(Beginning of Data provided)

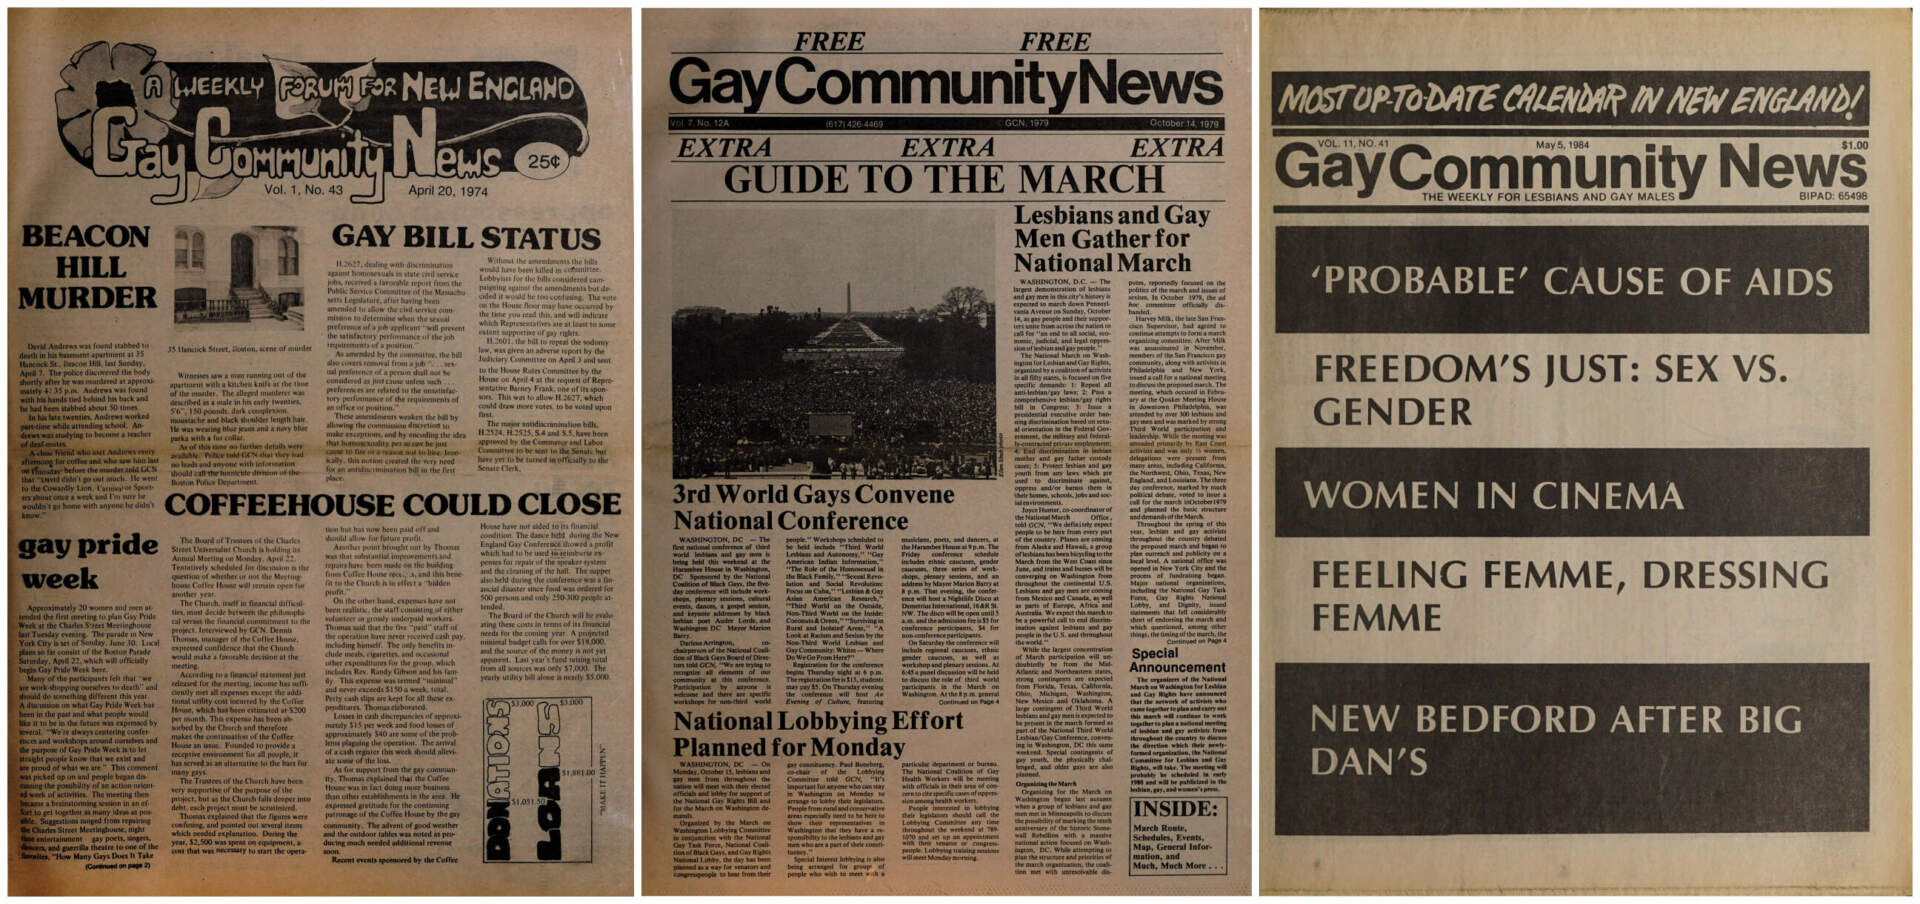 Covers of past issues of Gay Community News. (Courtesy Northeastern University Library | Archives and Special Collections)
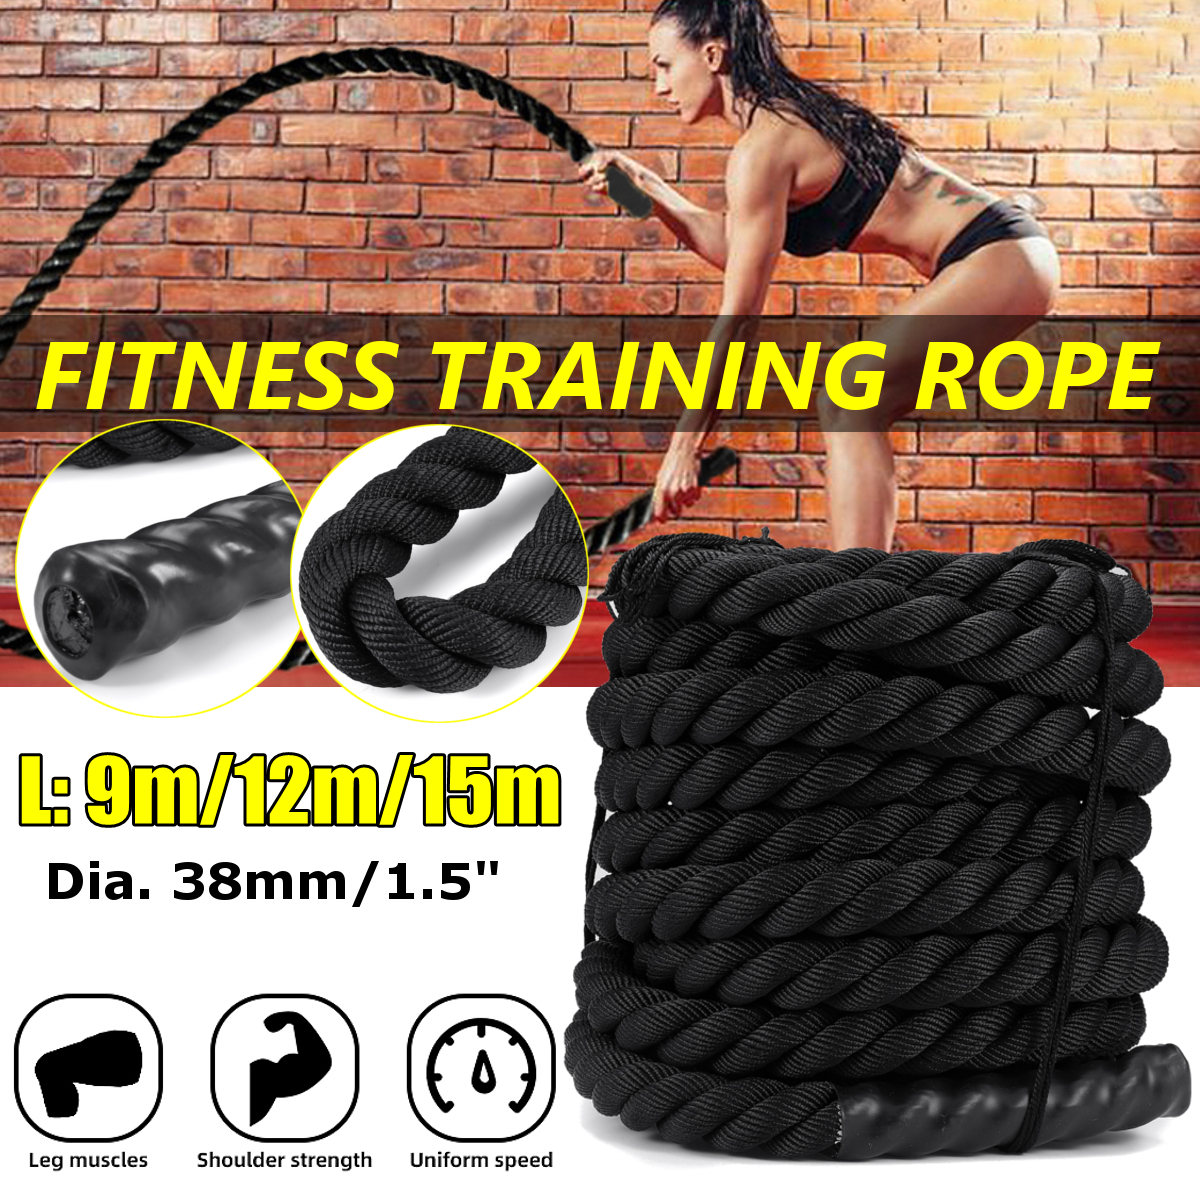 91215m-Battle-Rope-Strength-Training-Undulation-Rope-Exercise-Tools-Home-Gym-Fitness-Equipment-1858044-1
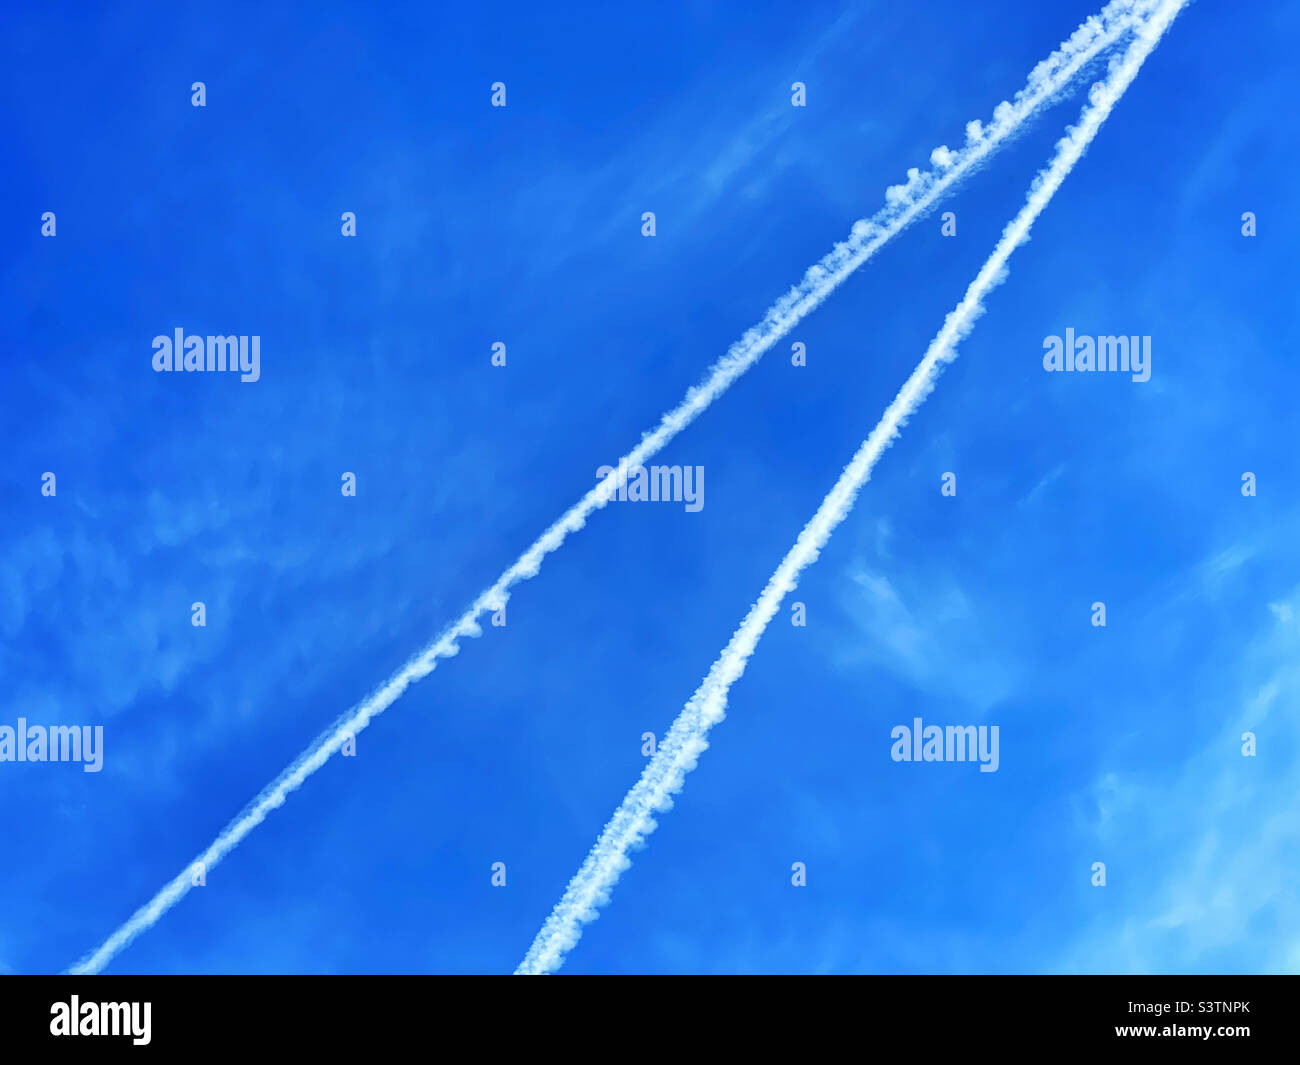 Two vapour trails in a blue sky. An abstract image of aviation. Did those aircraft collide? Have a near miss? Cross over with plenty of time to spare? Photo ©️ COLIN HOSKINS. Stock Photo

(End of Data provided)

Work request:
The listing above must be repeated exactly, apart from the pictures.

Exercise answer:
 Covers of past issues of Gay Community News. (Courtesy Northeastern University Library | Archives and Special Collections)
 91215m-Battle-Rope-Strength-Training-Undulation-Rope-Exercise-Tools-Home-Gym-Fitness-Equipment-1858044-1
 Two vapour trails in a blue sky. An abstract image of aviation. Did those aircraft collide? Have a near miss? Cross over with plenty of time to spare? Photo ©️ COLIN HOSKINS. Stock Photo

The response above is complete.